In the automotive industry Tesla has both become a trendsetter in electric vehicle adoption. The social media fandom for the company, its products as well as its founder Elon Musk has made it a meme stock. While it’s uncertain if this fandom is the reason for the company stock being so massively overvalued in terms of earnings and sales ratios, the fact remains that the stock is far, far ahead of its ratio-driven “fair value”. This is a widespread problem in the U.S. equity market – itself the most overvalued in the world.
Hedging for volatility is a challenge but not impossible. Given the high interest in Tesla’s stock in Europe, a number of issuers offer exchange-traded products (ETPs) that offer magnified exposure in either the downside or the upside of the stock’s trajectory. These products offer Tesla stockholders an interesting new solution to the question of value preservation.
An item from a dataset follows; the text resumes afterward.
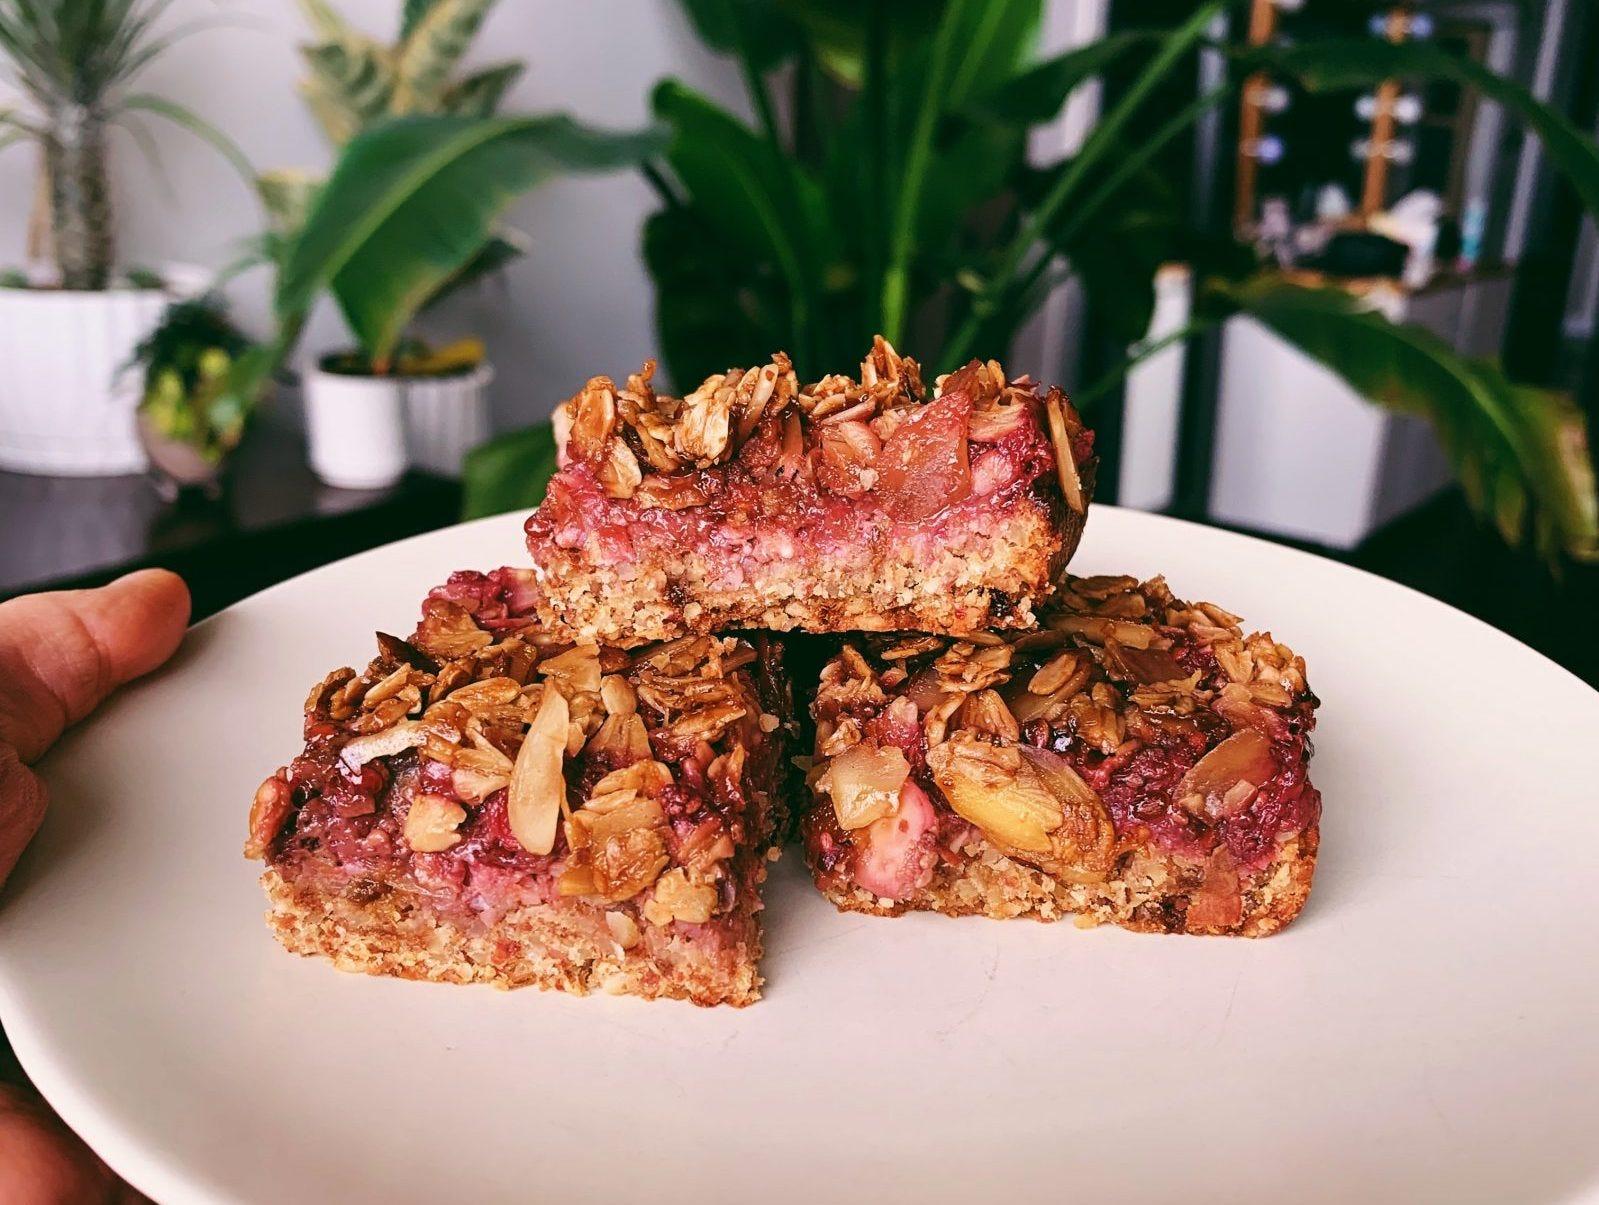 Homemade raspberry oat bars

Let’s consider two such ETPs – a -3X Short Tesla ETP (TS3S) and a +3X Long Tesla ETP (TSLS) – to demonstrate a potential strategy. While the previous article had discussed the value of using TS3S to prop up portfolio values in across a relatively short duration, this article will demonstrate the utility of the approach of using ETPs in either direction in overall portfolio management.
A Rule-Based Hedging/Value Preservation Strategy
Let’s consider a sum of $10 million that needs to be invested in Tesla. The base case would be the outright purchase of 8,334 stocks as of the closing price on January 3rd of this year. The alternative would be an 80:20 split such that an initial amount of $2 million is reserved for the tactical purchase of ETPs in either leverage factor. This amount is not topped up or drawn down at any time; in the event of a sale of the ETPs, the proceeds are used to purchase the next batch of ETPs. The remaining $8 million is used to purchase 6,667 Tesla stocks on January 3rd.
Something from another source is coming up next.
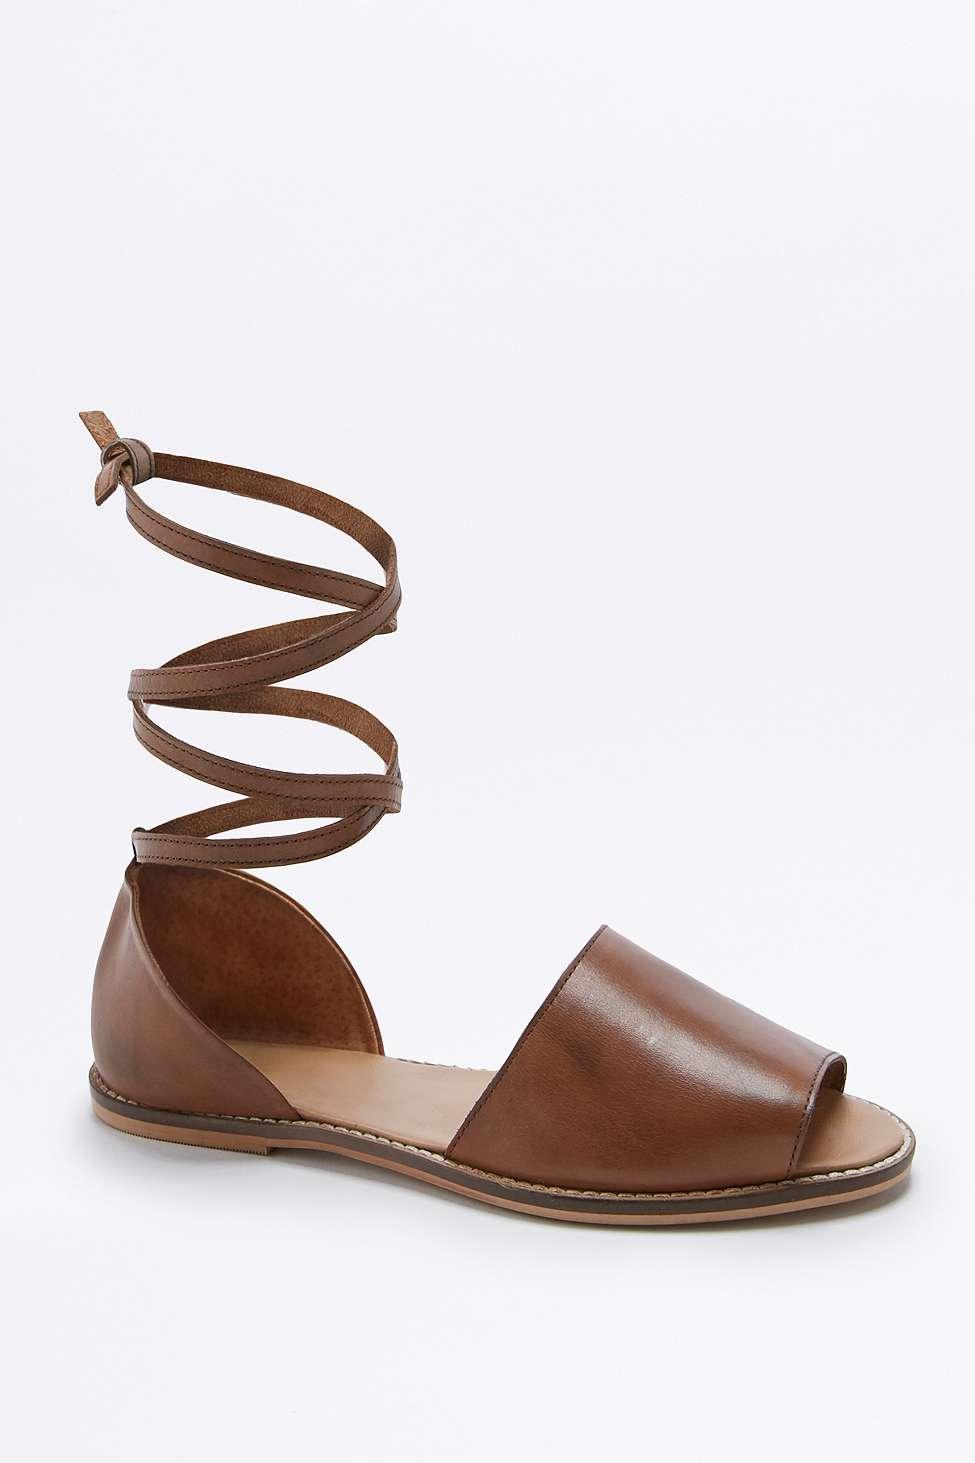 """Sandalen """"Cristy"""" in Hellbraun mit hohem Schuhblatt und Knöchelschnürung 55 € 19 €"""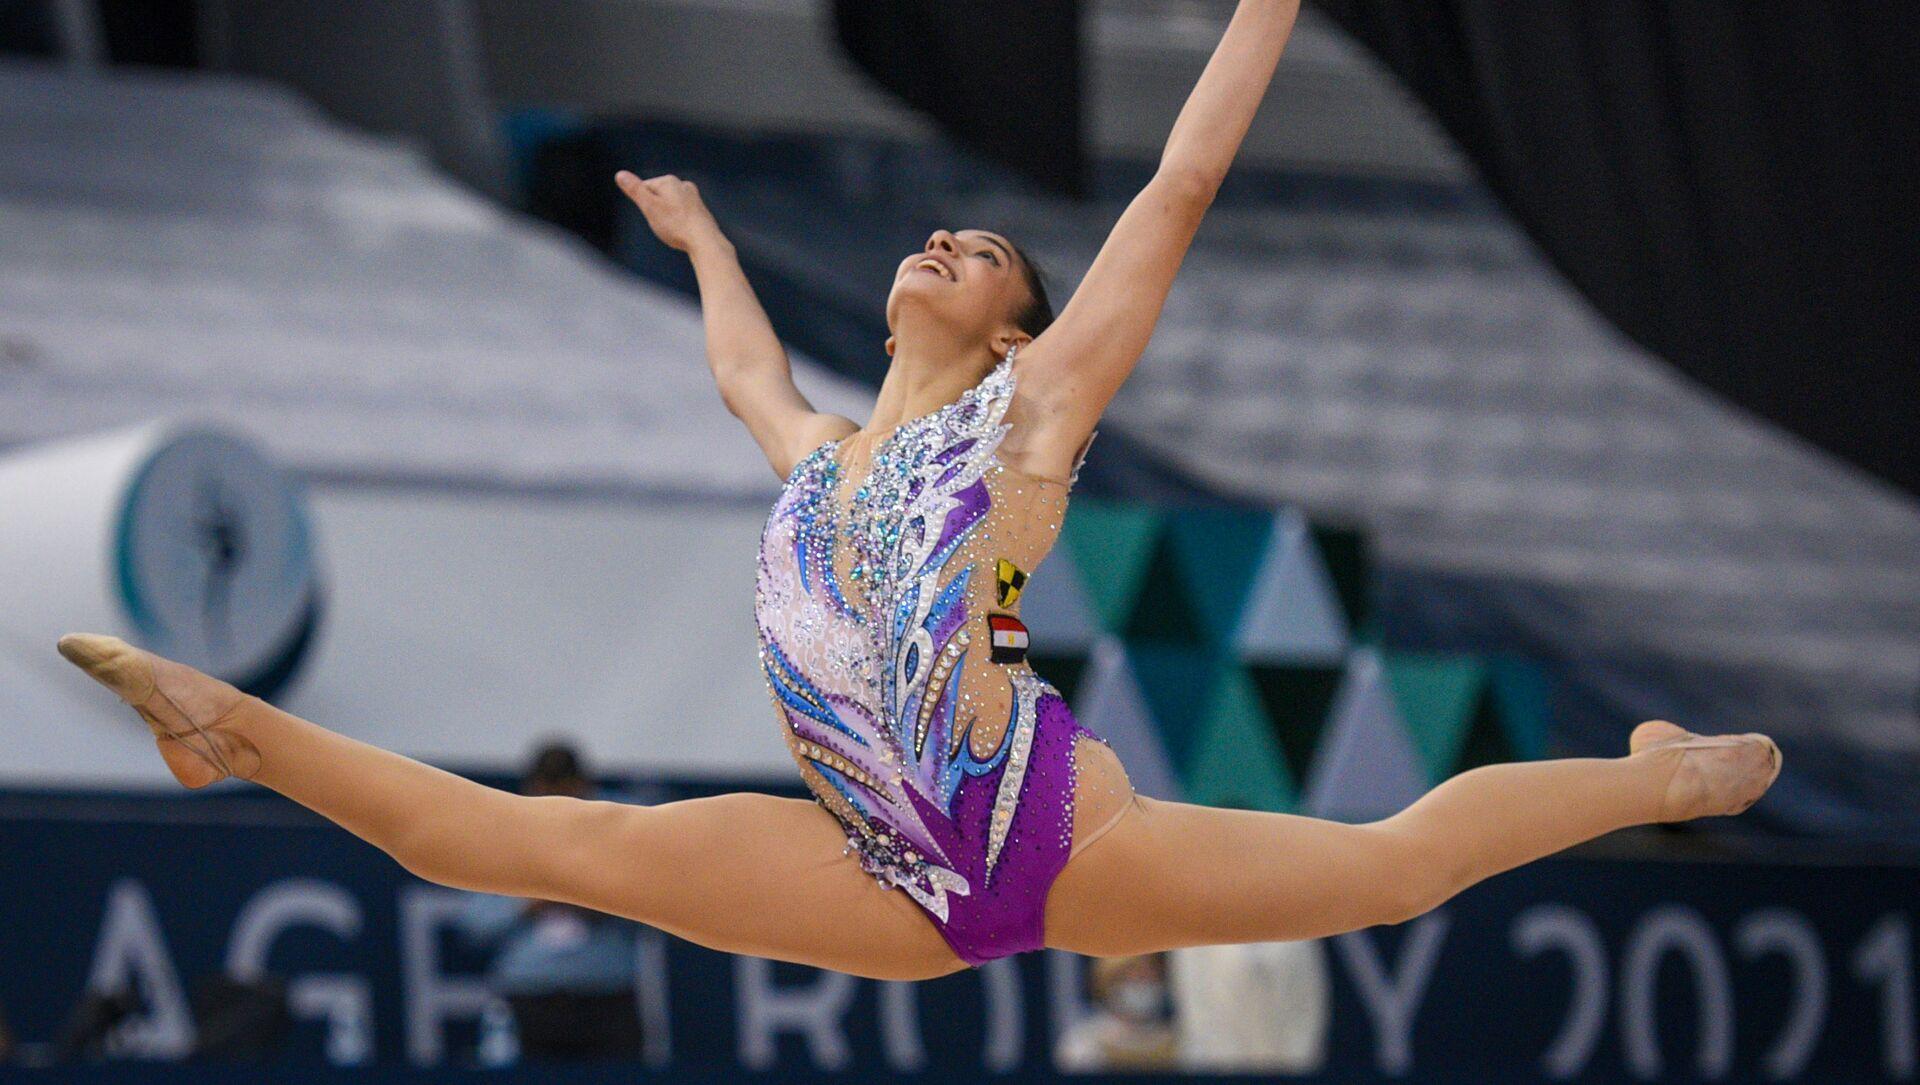 Хабиба Марзук (Египет) выполняет упражнение с булавами в индивидуальном многоборье на этапе Кубка мира по художественной гимнастике в Баку. - Sputnik Азербайджан, 1920, 12.05.2021

To simplify the illustration, only one ETP factor is held at any time, i.e. either TS3S is held or TSL3.
Two trigger points are established: the “upper bound” trigger is calculated at 106% of the price at any time while the “lower bound” trigger is calculated at 94% of the price at any time.
Two strategies are considered:
Strategy 1 (or “Conservative Hedging”):
This strategy is built around two “4-day” rules. The first one is the factor decision of the day – “To Buy +3X or -3X?” – which sees if that day’s price has breached either trigger relative to the price seen 4 days ago. If the upper-bound is breached, the factor decision is “Buy +3X”. If the lower bound is breached, the decision is “Buy -3X”. In all other events, no decision is made.
The second rule is the holding decision, namely whether to continue holding a position in the ETP or not. Firstly, a counter is set up to count the number of days the present day’s price exceeds that of the previous day. Secondly, the holding decision is determined by this counter: over the course of 4 days including the present day and after the day of the last ETP purchase, if the counter is greater than 3, a short ETP position would be liquidated. Alternatively, if this counter is less than 2, a long ETP position would be liquidated. If neither, the ETP portfolio continues to be held.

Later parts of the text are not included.